Those ALEC, Heritage foundation etc clowns are welcome to stay in DC and screw
up other states. Their arguments are always data-free.

------
youngButEager
Why didn't Tesla build its largest-in-the-industry battery factory here?

Why did Toyota move out?

"Business relocation expert Joe Vranich has been counting.

“I tracked for 2011, that 254 companies of all sizes and shapes and kinds left
the state for primarily other states,” said Vranich, the president of Spectrum
Location Services in Irvine.

He told KCRA 3 that companies leave California for three primary reasons:
“High taxes, excessive regulations and the threat of really ridiculous
lawsuits.”

Chevron is moving 800 jobs from their Bay Area headquarters to Texas, and
Waste Connections shifted more than 100 jobs to Texas from Folsom.

"Two dozen companies commit to leaving California -- Prop 30 triggers business
backlash"

[http://www.kcra.com/news/Two-dozen-companies-commit-to-
leavi...](http://www.kcra.com/news/Two-dozen-companies-commit-to-leaving-
California/18533954)

Detroit took 50 years to crash.

Not sure if most people are aware, but Silicon Valley led California with jobs
growth, led California out of the recession.

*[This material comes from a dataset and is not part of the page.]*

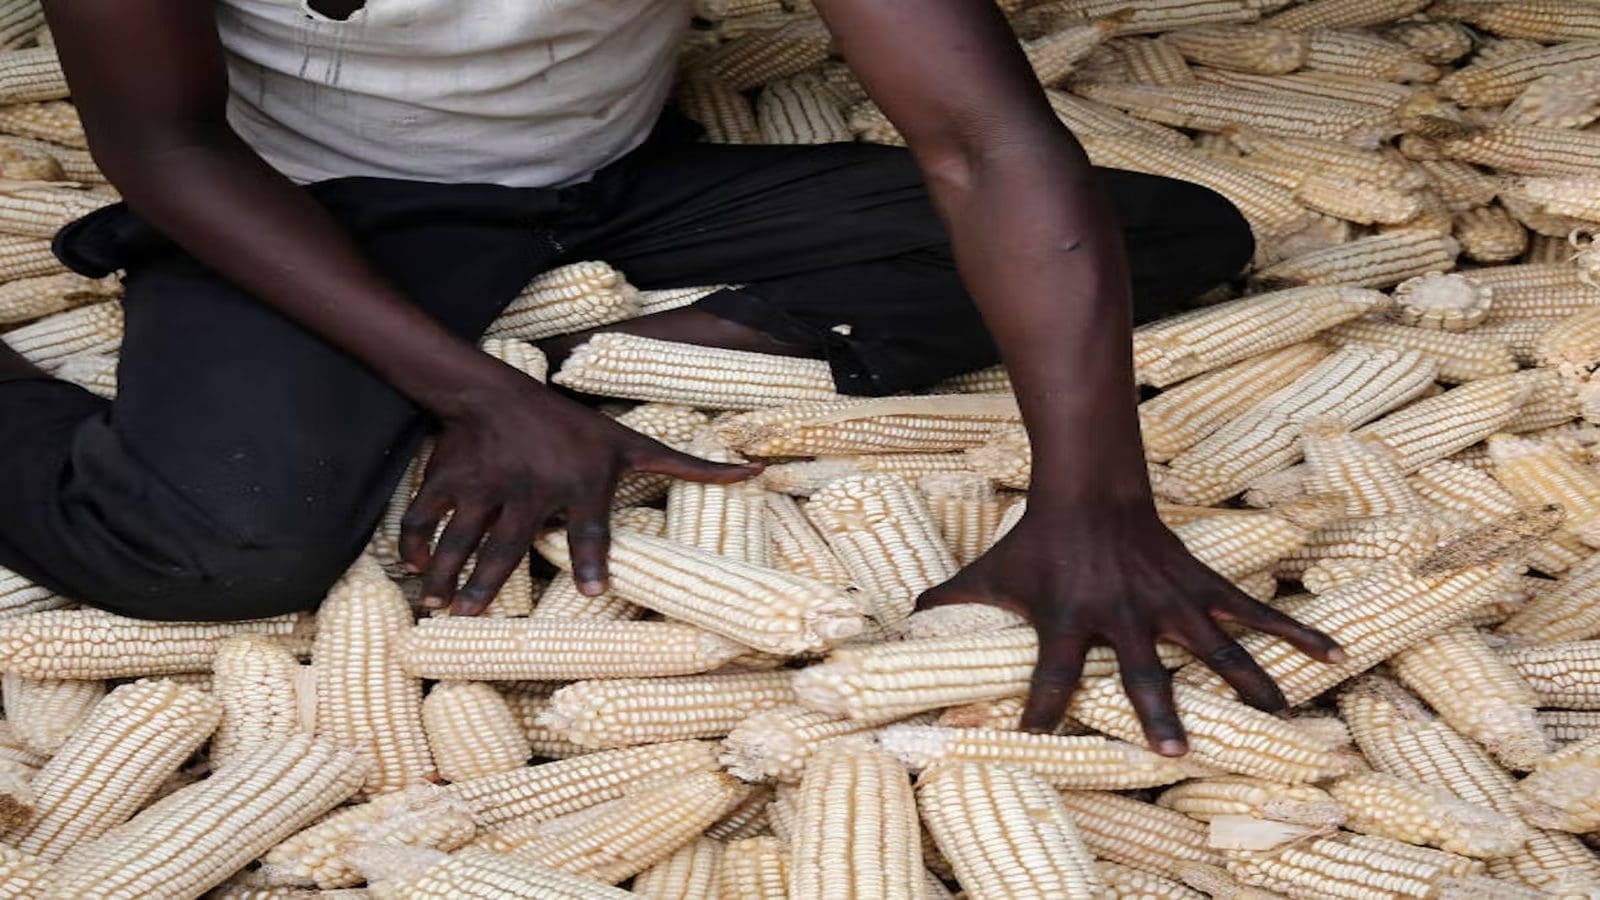 Maize consumption in sub-Saharan Africa to reach historic highs amid declining supply, USDA forecasts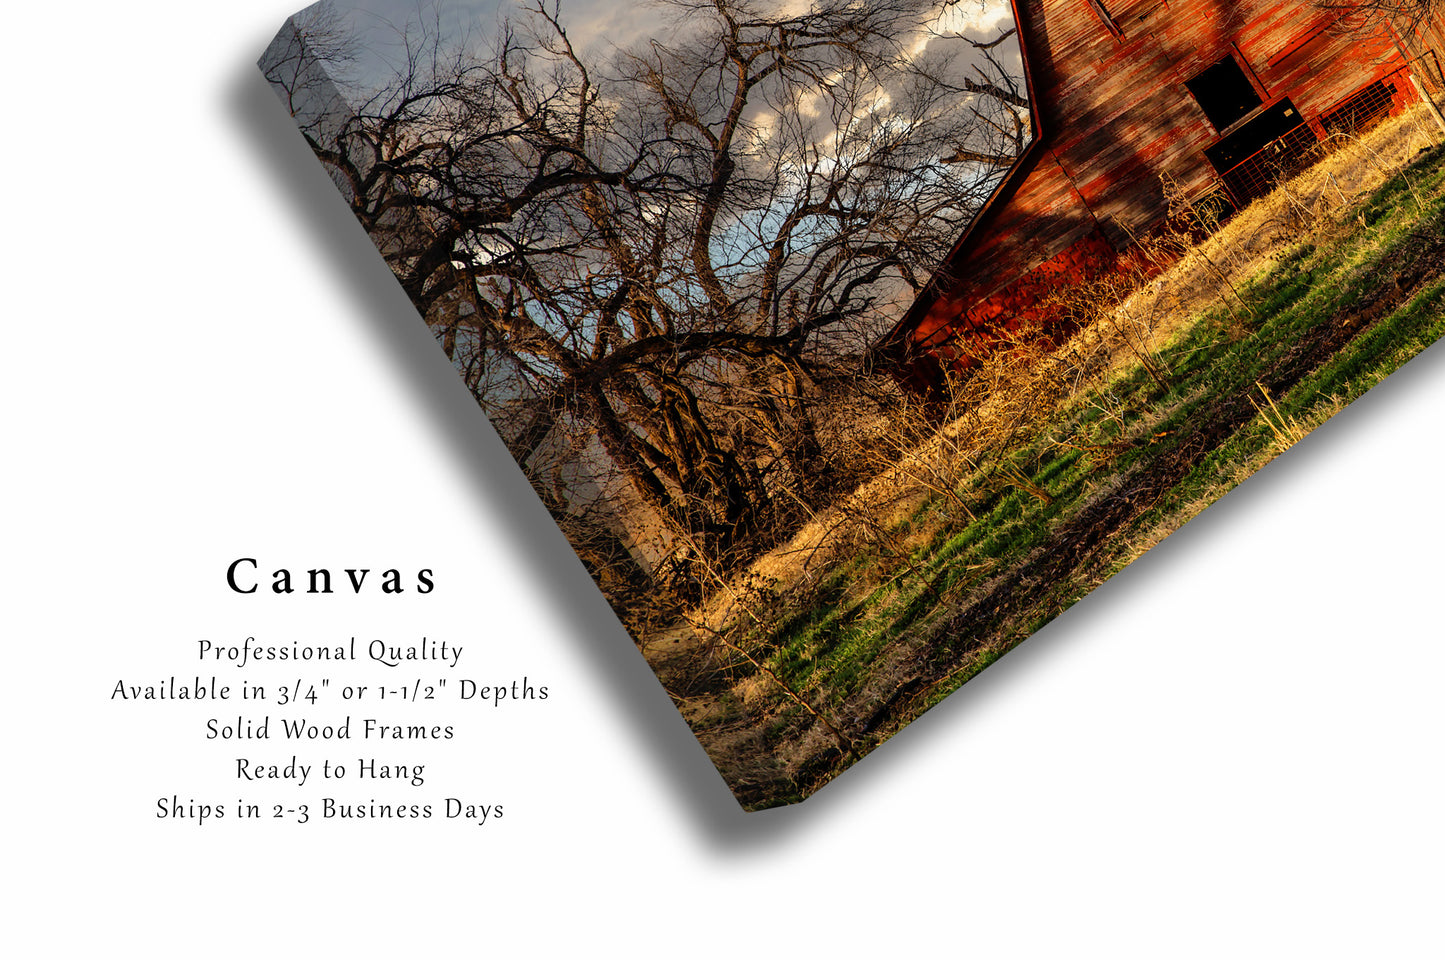 Country Canvas Wall Art (Ready to Hang) Gallery Wrap of Rustic Red Barn in Shadows of Leafless Trees in Oklahoma Farm Photography Farmhouse Decor

If the rest of Silicon Valley moves to Austin et al, California's highest-in-
the-nation personal income tax will need to go _much higher._

As a small business owner, the taxes and regs just scream "don't hire anyone!"

Arizona, Texas (no state income tax), Nevada (no state income tax) -- weather
not too bad, real close to California.

------
casylum
California is growing in spite of its draconian business regulations. Perhaps
things would be even better with more friendly laws for small businesses.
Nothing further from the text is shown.